Esa conversación me da vueltas en la cabeza porque llevo semanas sin desear realmente, nada. No siento ganas de buscar a mis amigos, de salir o bailar, de ver películas, o abrir una nueva novela. Nada. Mi corazón está en blanco. No creo que esté llegando a los límites de una iluminación espiritual estilo Nirvana. Creo, más bien, que estoy muy triste. La ausencia de deseos es una señal de alarma. Pero abrir la compuerta de los deseos es abrir la caja de pandora. Lo que más quiero está lejos, indefinidamente. Si empiezo a desear, me va a doler mucho más esa distancia. Así que me llevo la vida despacito, en estado semi-despierto, con el corazón adormecido, para que el corazón aguante. La hibernación como método de supervivencia.

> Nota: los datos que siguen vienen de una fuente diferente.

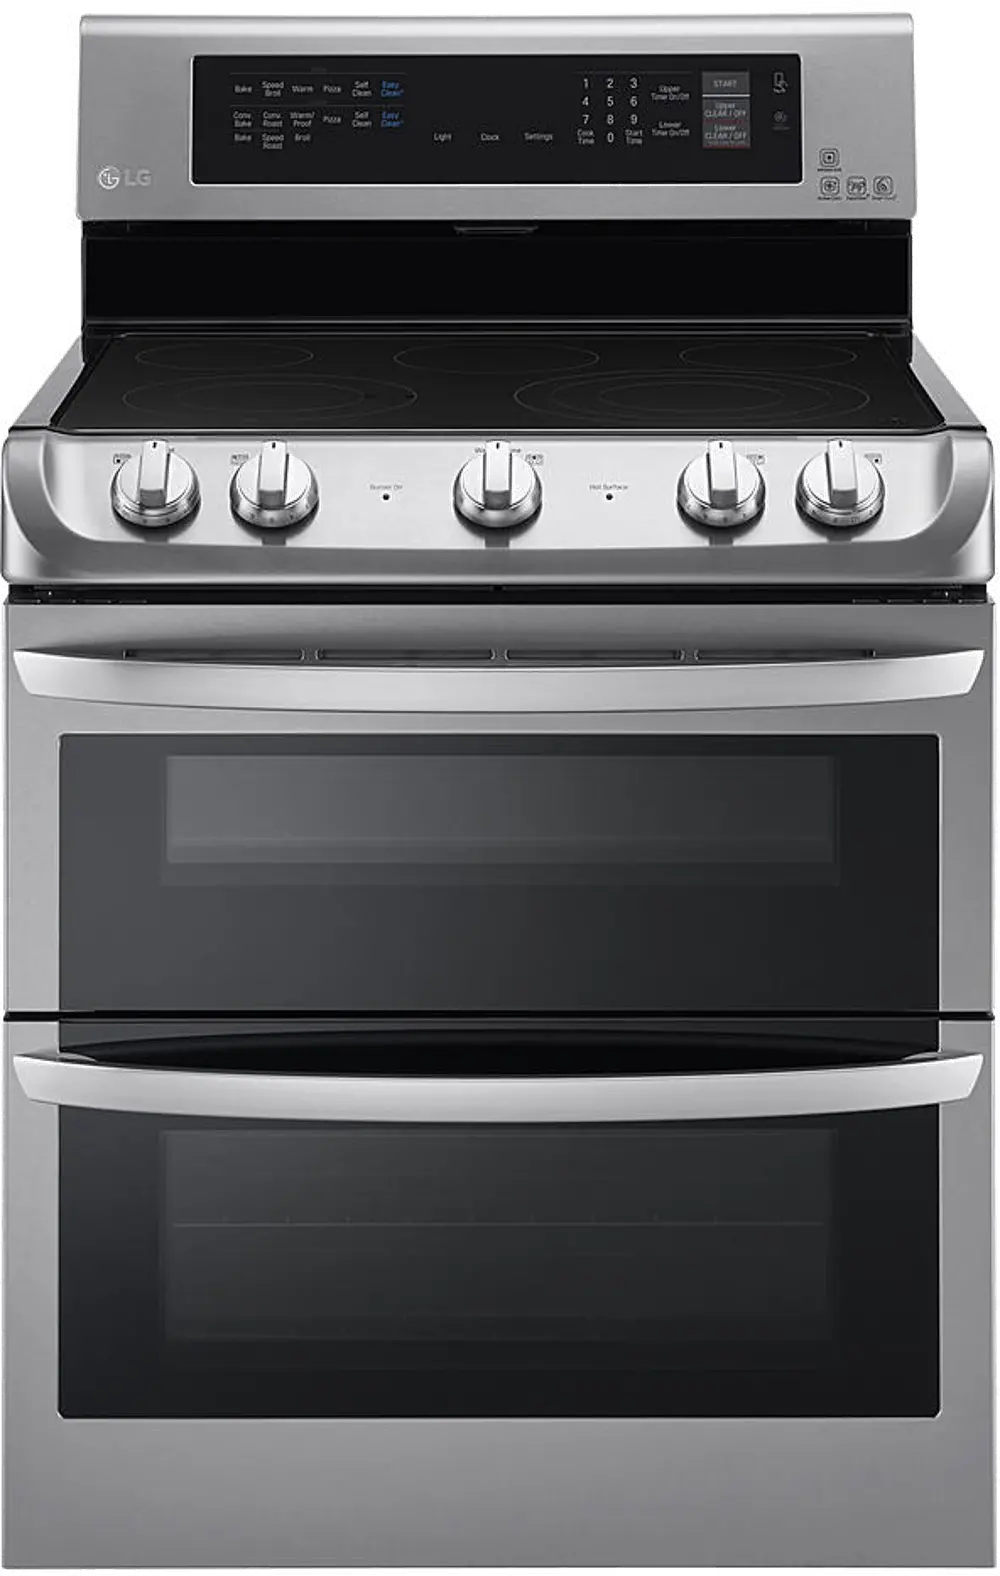 LDE4415ST LG Double Oven Electric Convection Range - 7.3 cu. ft. Stainless Steel-1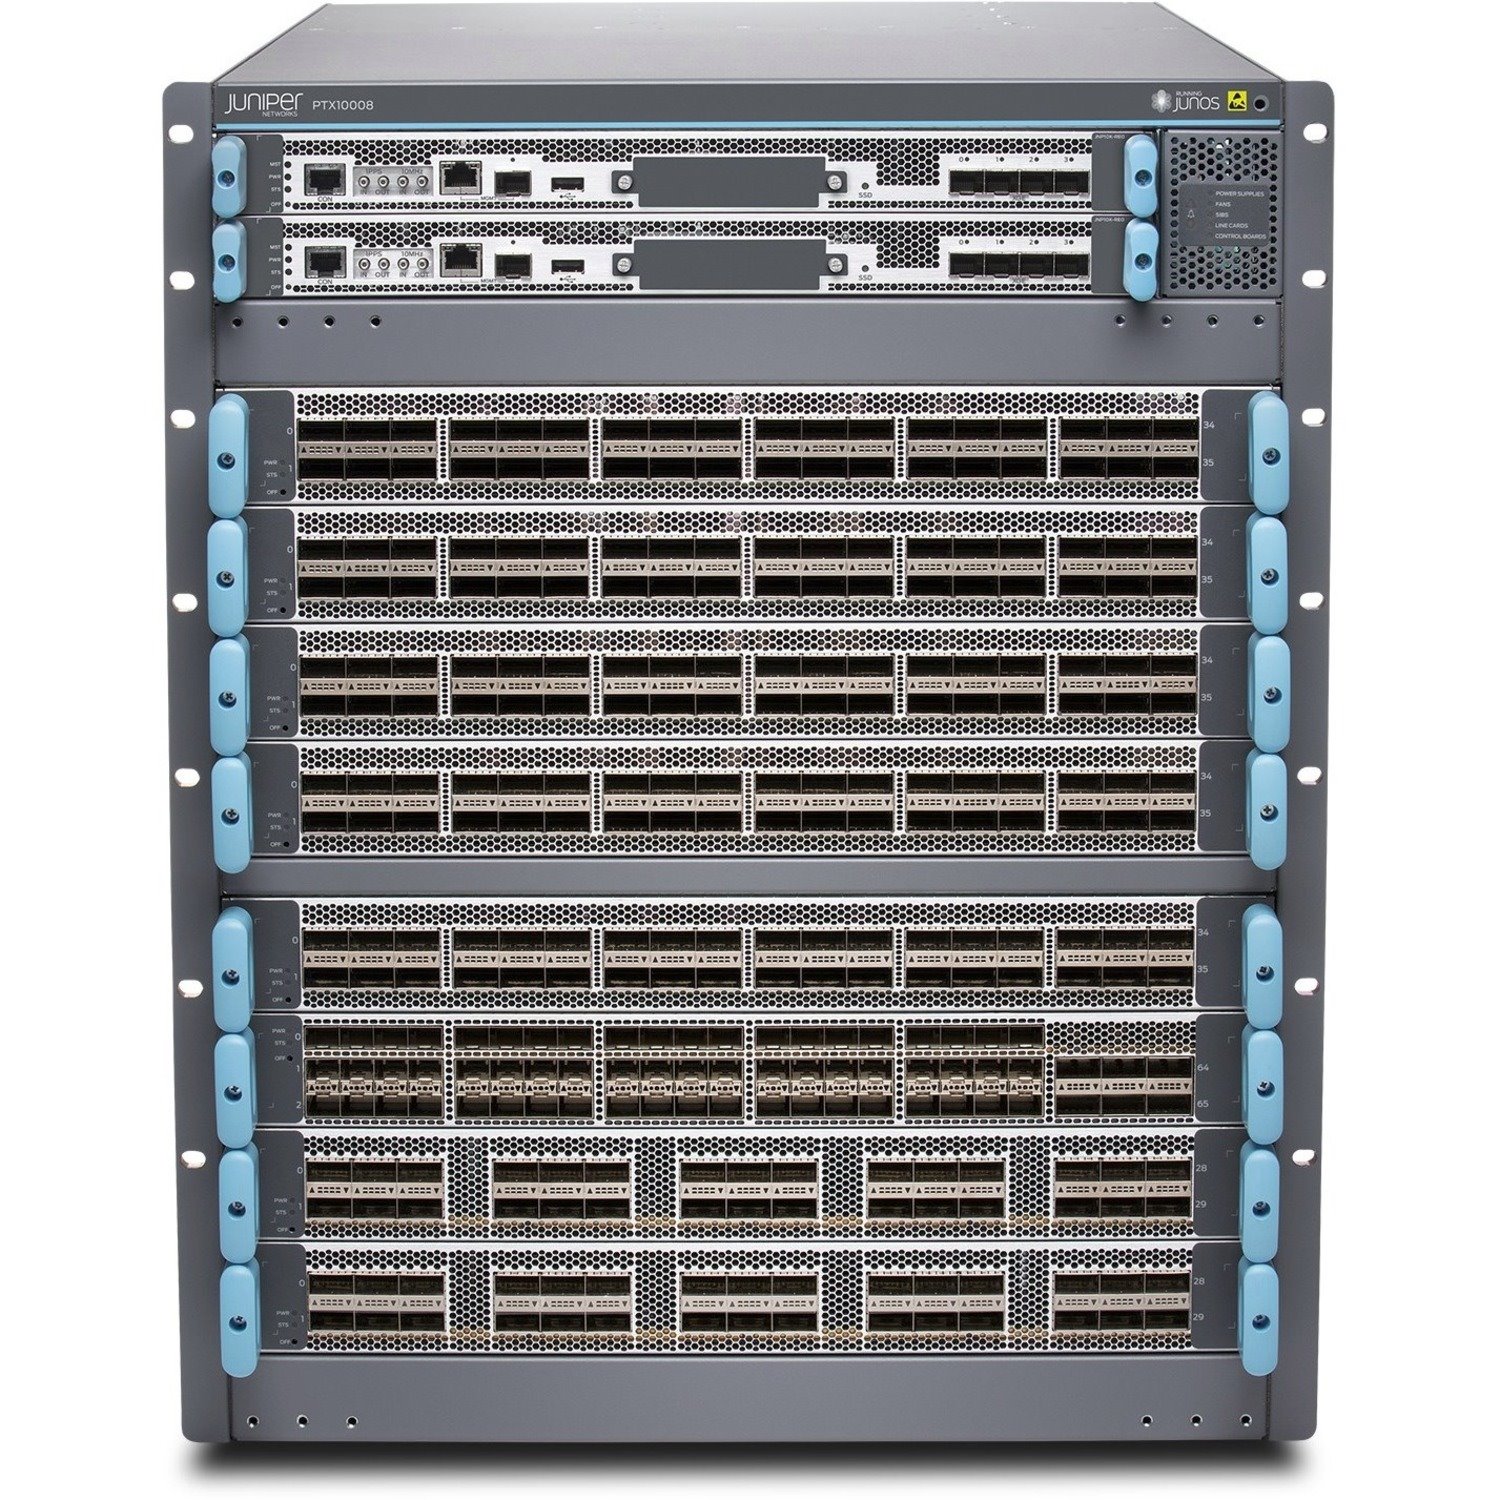 Juniper PTX10000 PTX10016 Router Chassis

Es la diferencia entre existir nomás, o estar viva. Aquí enfrente, inmediato, está el umbral para una definición interior. Quién sabe qué inmensa fragilidad o cobardía me mueve a ratos a los estados de latencia. Como si todo doliera demasiado. Pero siempre me dije que valen la pena las tormentas, cuando cae el agua y nos cala, sin impermeable, sin acurrucarnos tras la ventana. Me prediqué cosas como los naufragios, escribí líneas del tipo “quemar las naves del pecho, y perderlas al fondo del mar”. En el discurso, al menos, me inclino a favor de la valentía. Mi definición íntima de la felicidad es la antítesis del adormecimiento (eso también lo digo todo el tiempo); sé, sin duda, que vale la pena no sólo sentir, sino sentir en grande, sentir con todo el sistema nervioso. Y vivir con premura, consciente de la brevedad de todas las cosas. No puedo pasar este tiempo reduciéndolo a espera, mirando el reloj cada dos minutos. El tiempo sólo se va rápido cuando lo vivimos y lo disfrutamos, y para disfrutar, hay que abrir la caja agridulce de los deseos.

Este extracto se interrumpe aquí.